— What is needed —
Only the lines from the one with "Marco espejo comoda 90 80" through the final line below belong in the answer, copied exactly and without pictures.

— Raw data —
▬▬▬▬▬▬▬▬▬▬

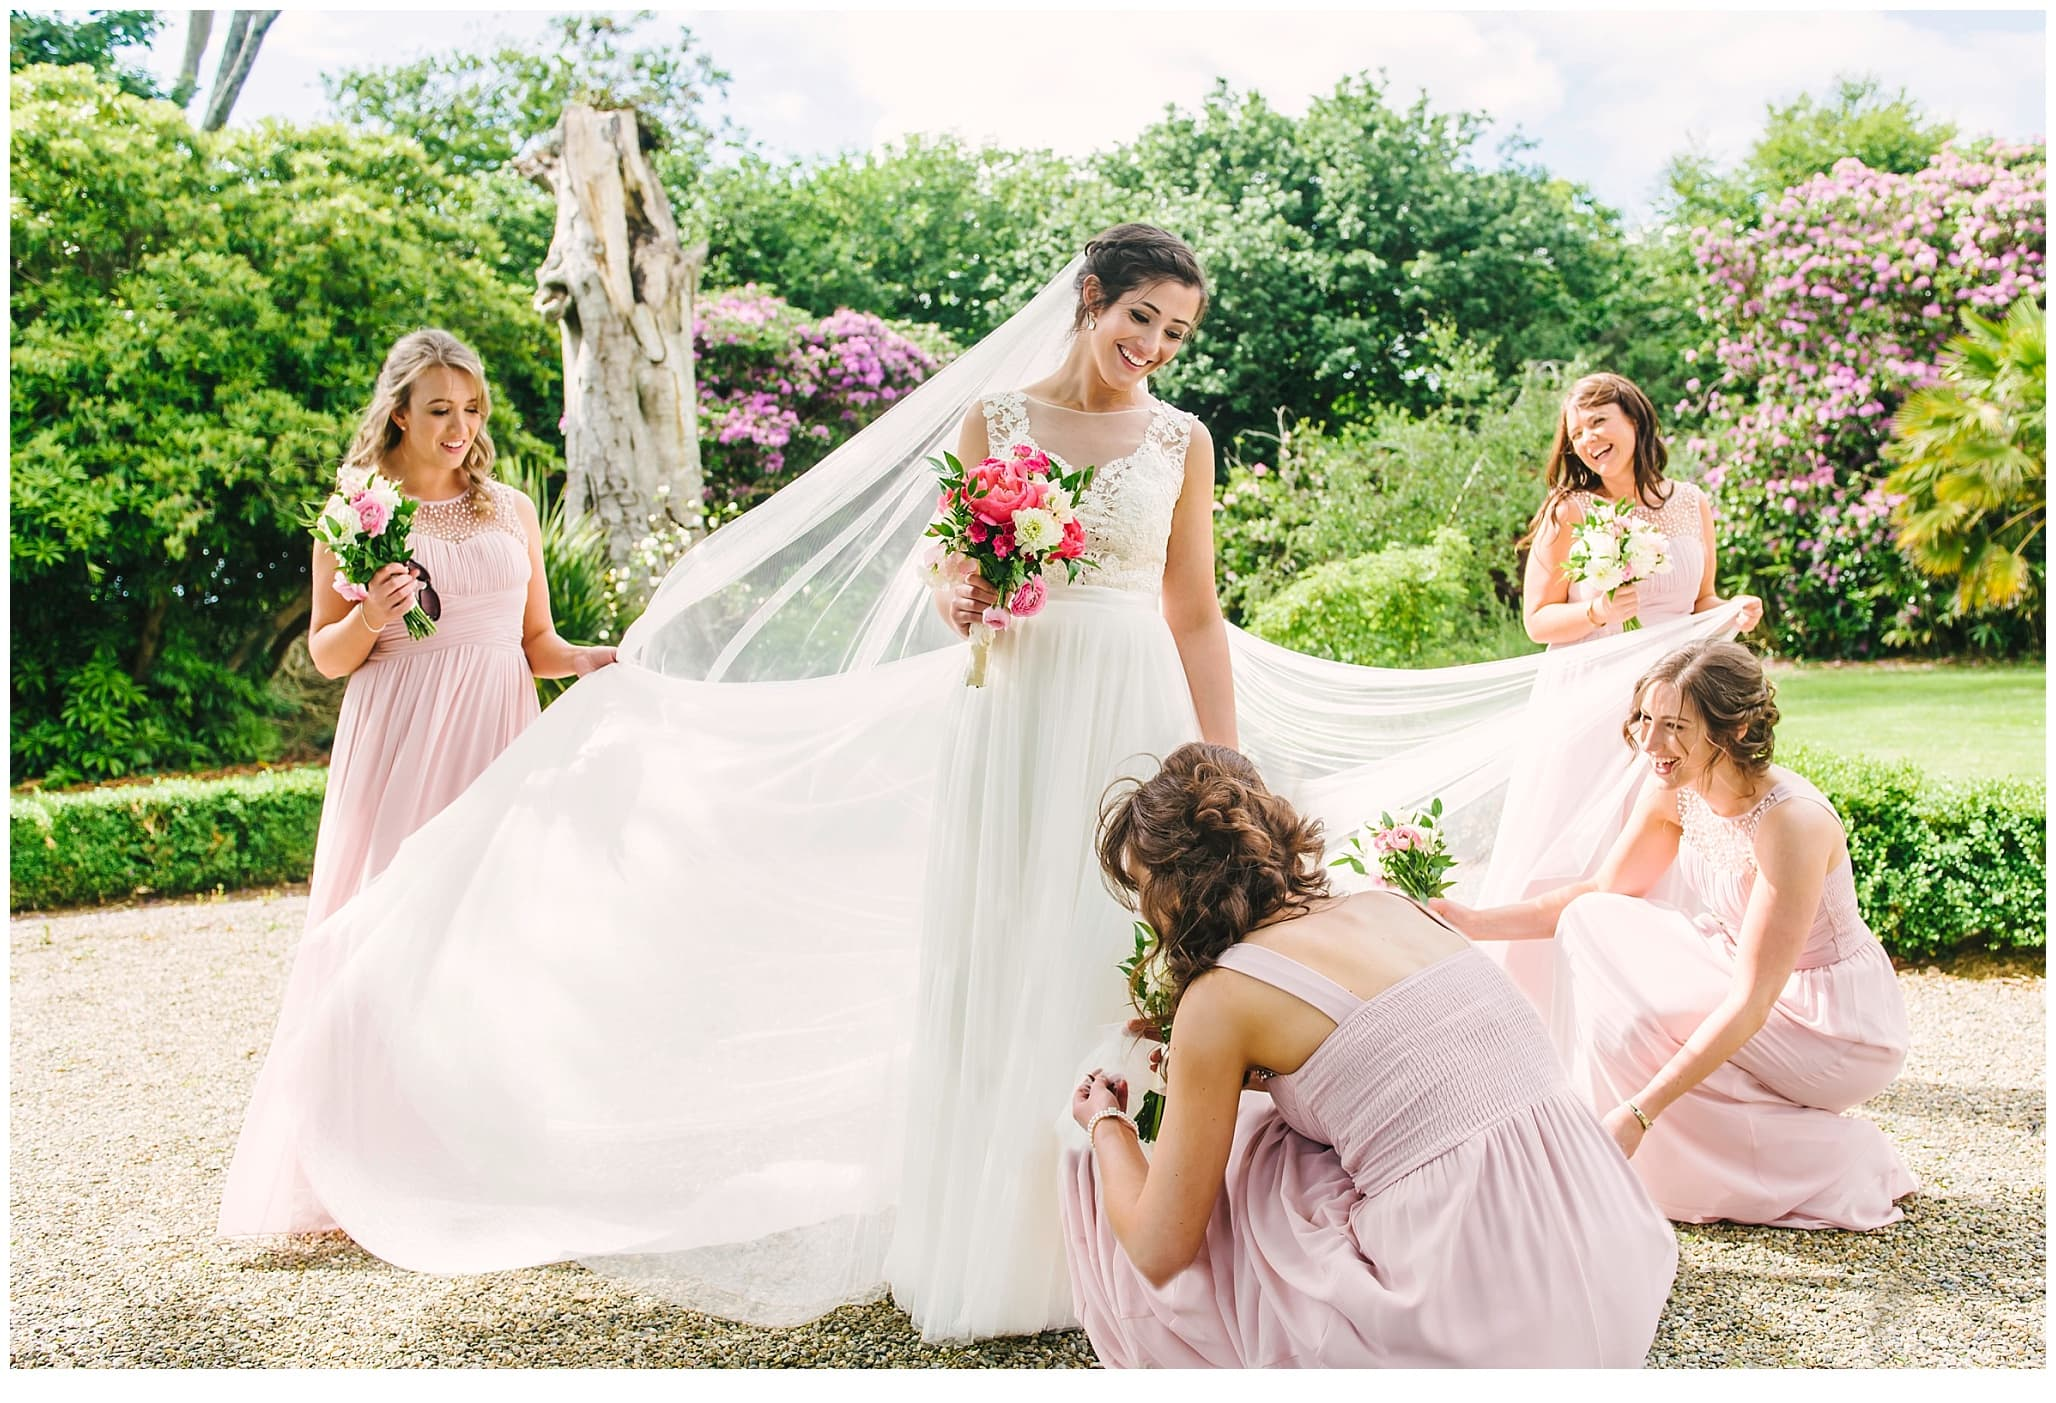 Horetown house wedding photographer
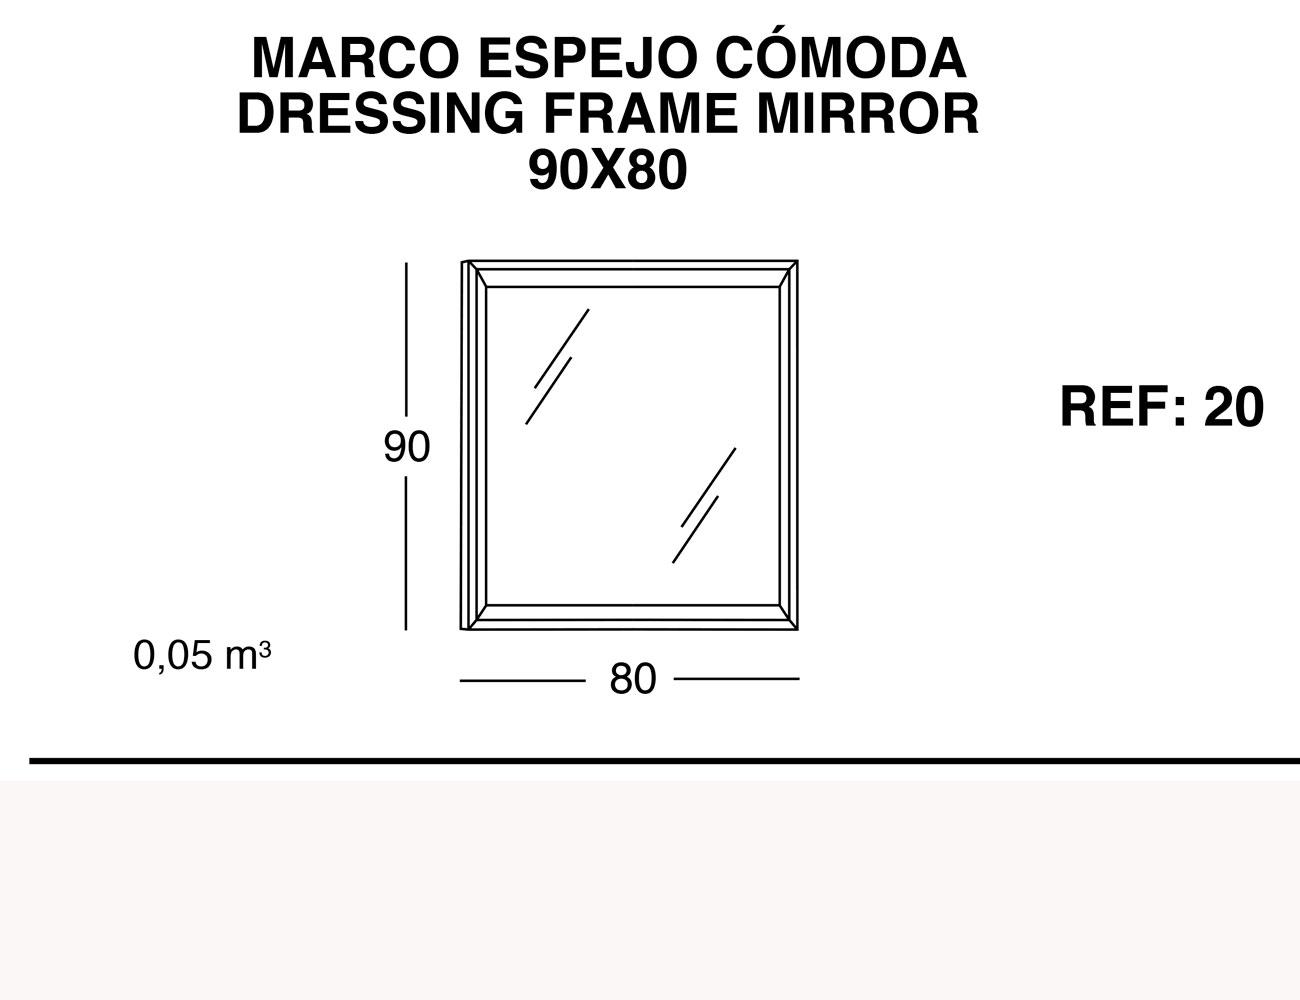 Marco espejo comoda 90 80
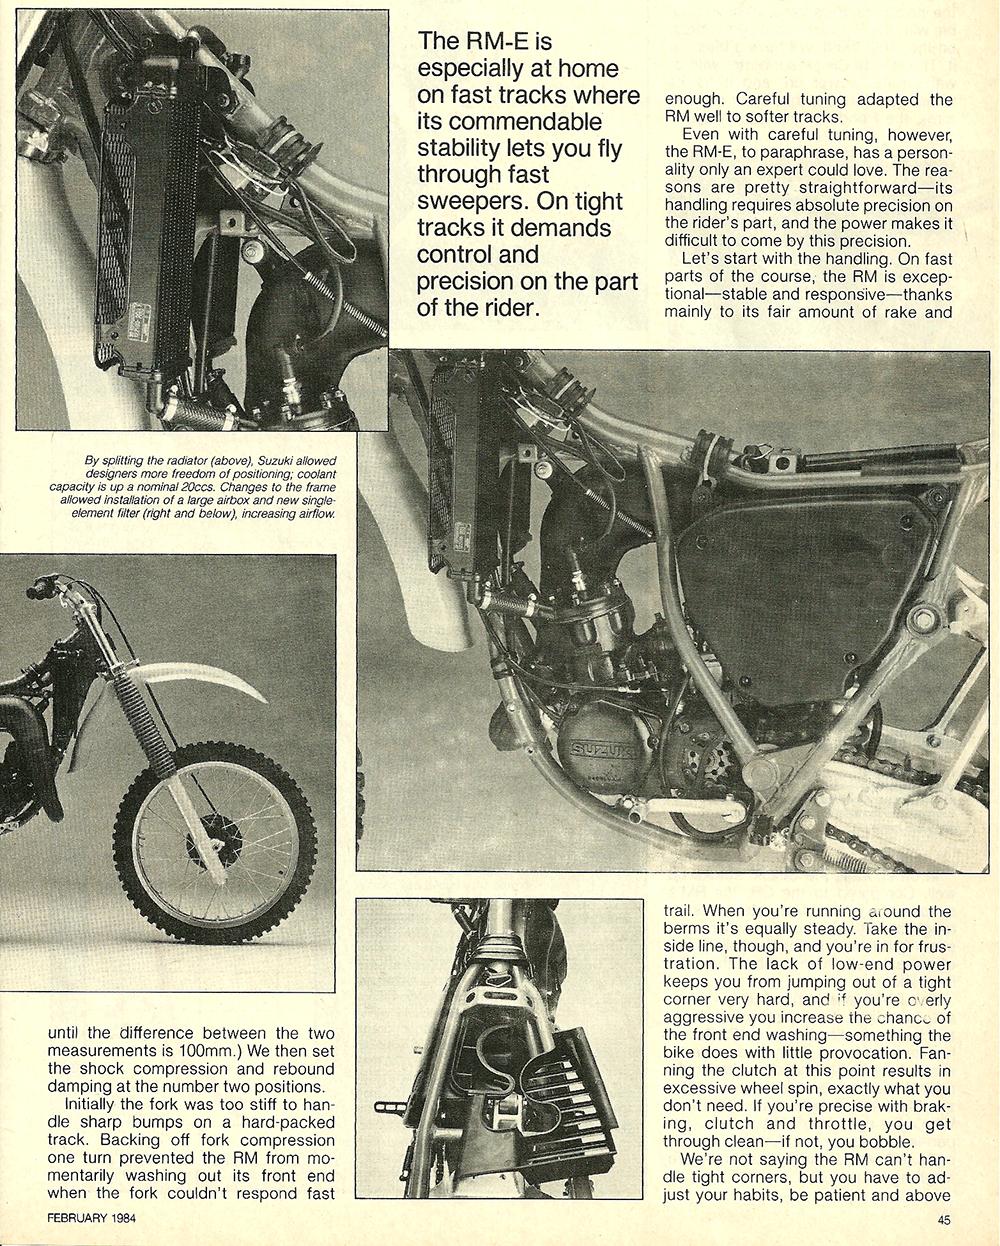 1984 Suzuki RM125E road test 6.jpg

▬▬▬▬▬▬▬▬▬▬

— Answer to this exercise —
 Marco espejo comoda 90 80
 1984 Suzuki RM125E road test 6.jpg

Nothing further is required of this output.